Previous studies have shown that microplastics affect the brain through two routes. The first is that these particles indirectly control brain function through peripheral organs. Second, they could be crossing the blood brain barrier, which acts as a filter, preventing toxins and pathogens in the blood from entering the brain.
The researchers say that the mechanism proposed in this study could be the third type of potential control through which microparticles affect brain function.
The study also warns that it is too early to extrapolate the findings in mice to humans. Humans and mice have different immune systems, cardiovascular and cerebrovascular (blood flow to the brain) circulatory systems.
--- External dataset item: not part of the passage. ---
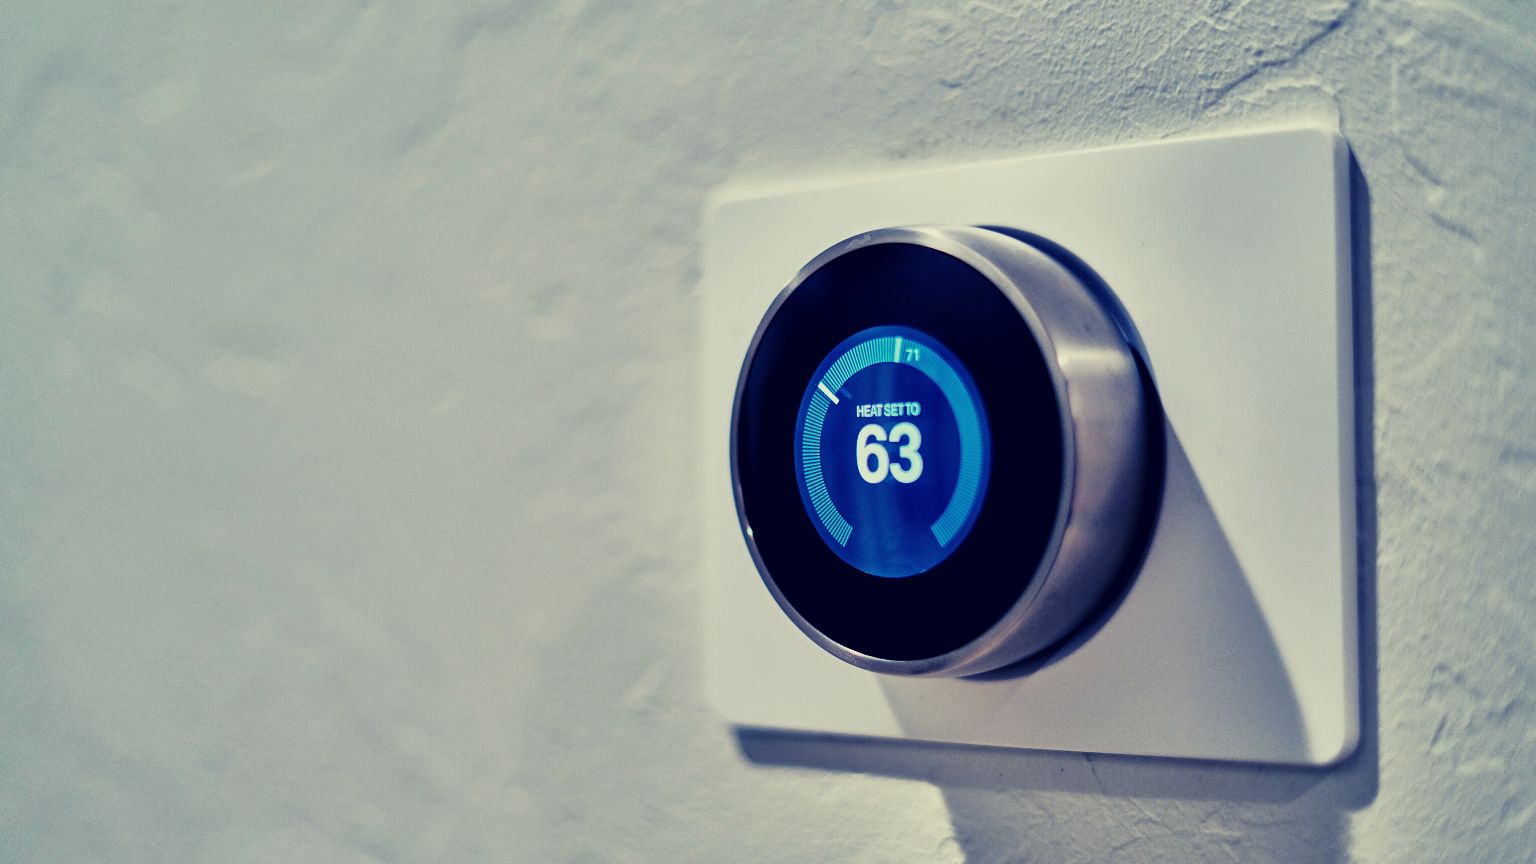 Renters are finding smart home tech used against them
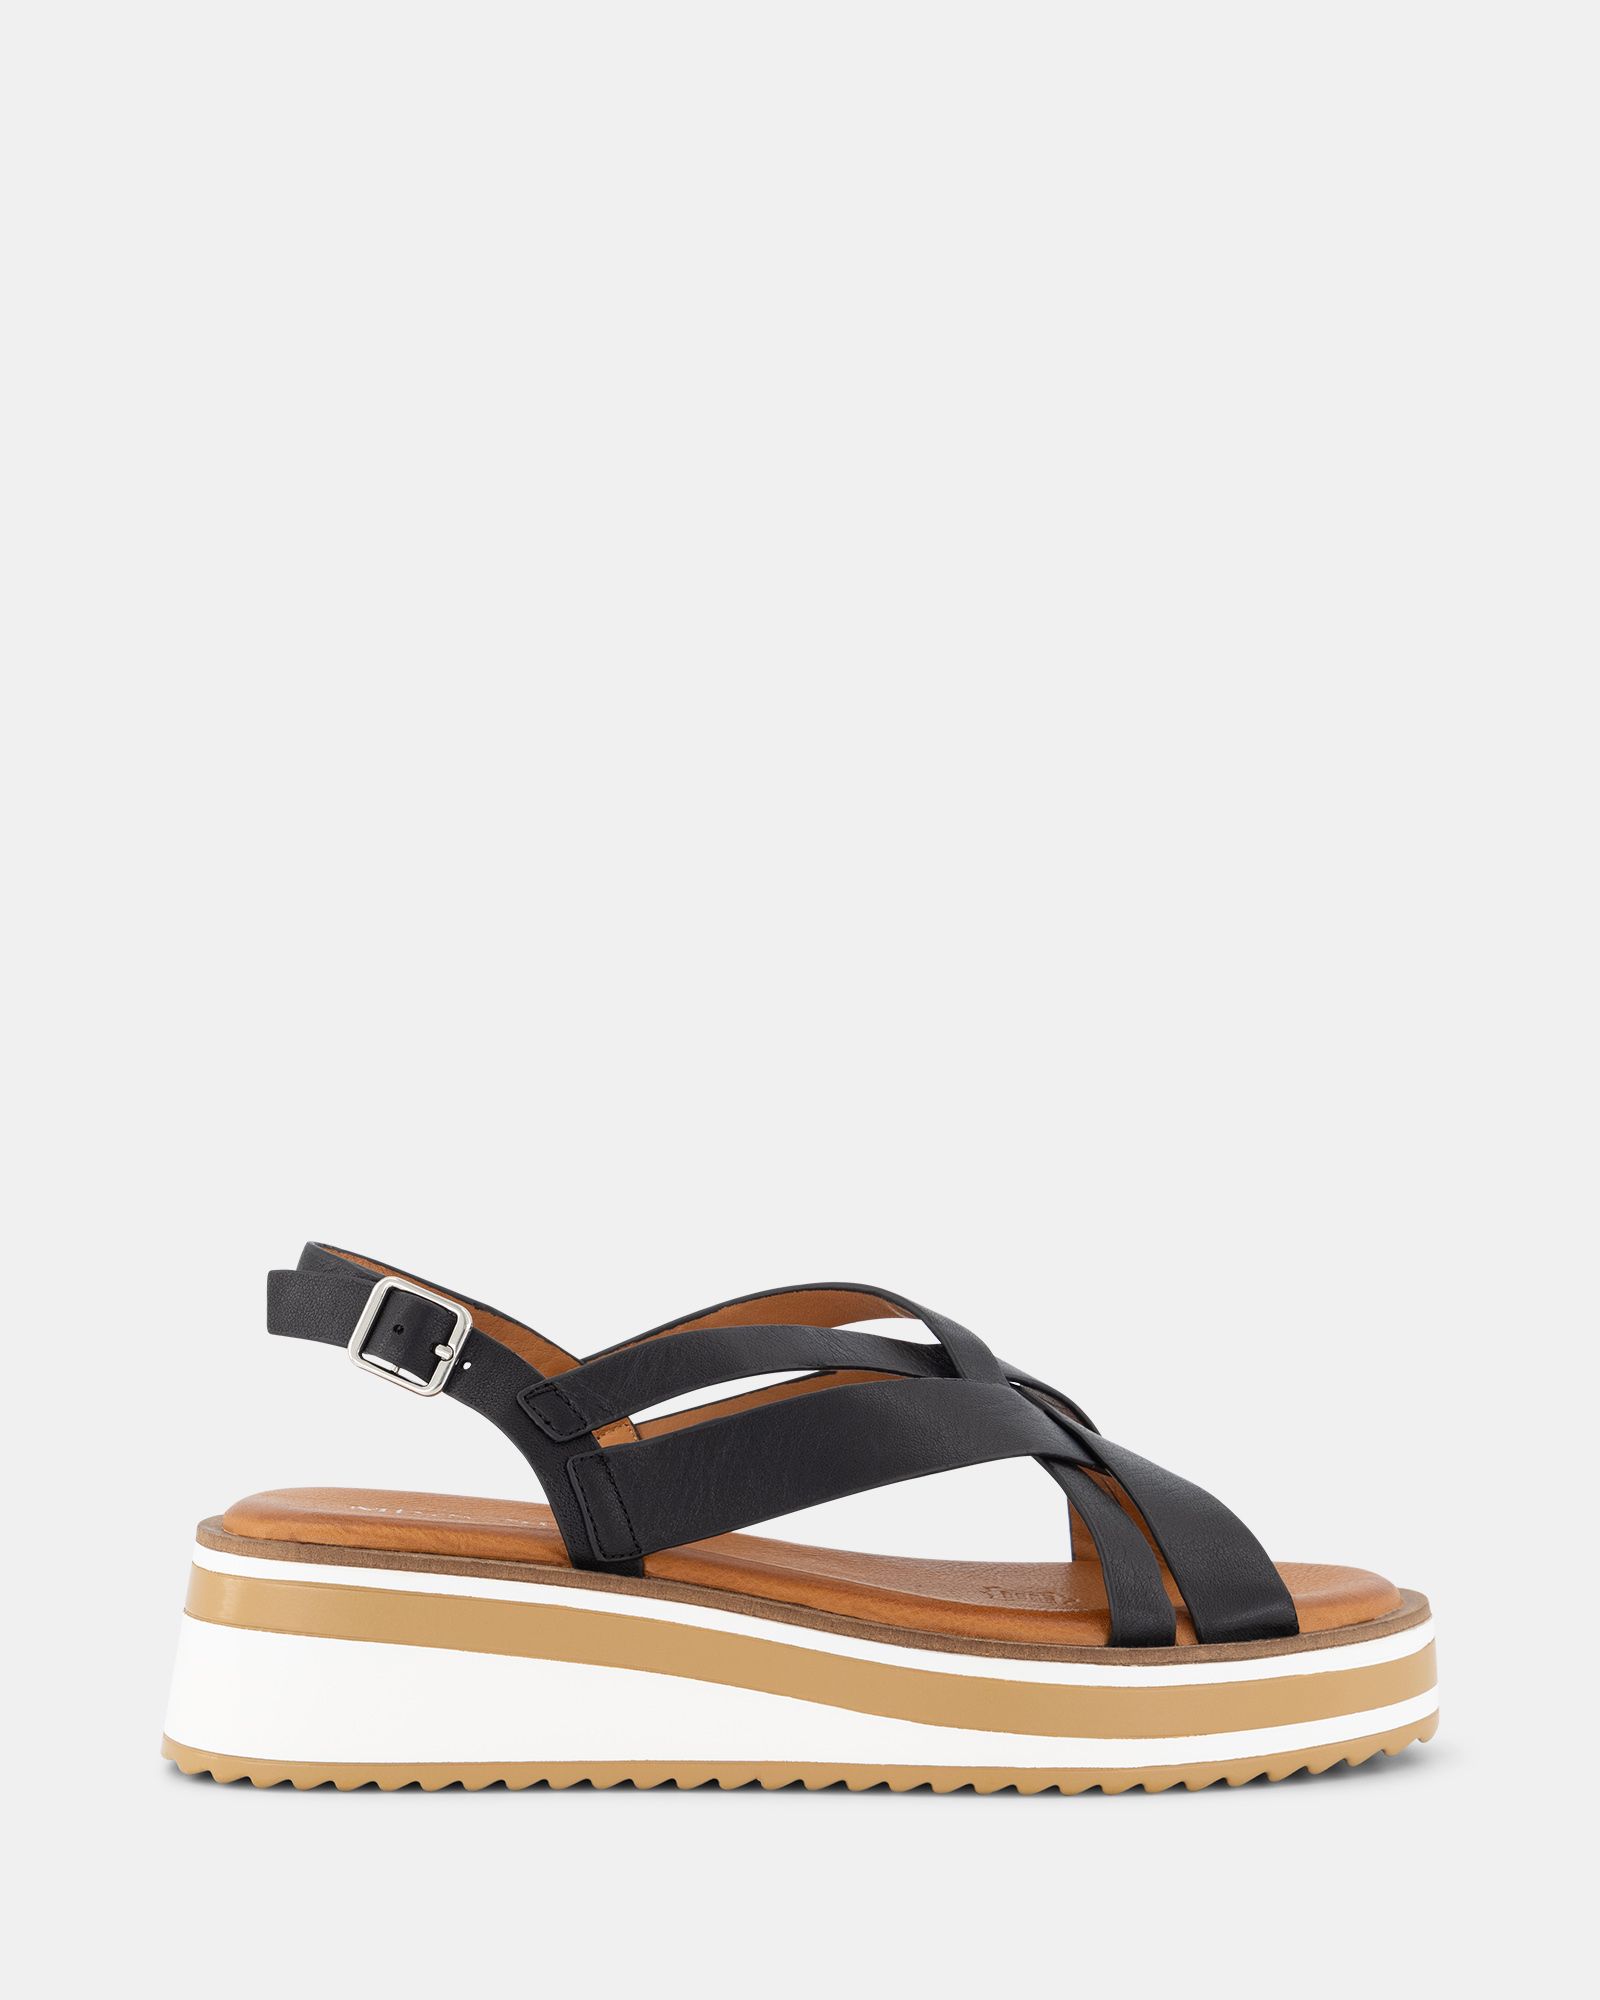 Buy MOLLY Black sandals Online at Shoe Connection

Further, the circulating blood volume in humans is roughly 1,200 times greater than that of mice. There are also differences in the diameters of blood vessels, which would greatly reduce the degree of the obstruction in humans, the study noted. While the internal diameter of the coronary arteries in the human heart is about 4 mm, it is less than 100 micrometres in mice.
“Consequently, there is uncertainty regarding whether microplastics will induce or influence the obstruction in human blood vessels,” the researchers wrote in their paper.
Still, the researchers highlighted that the potential impact of microplastics on neurological disorders such as depression and cardiovascular health in humans, is concerning.
The researchers call for increased investment in this area of research to fully comprehend the health risks posed by microplastics in human blood.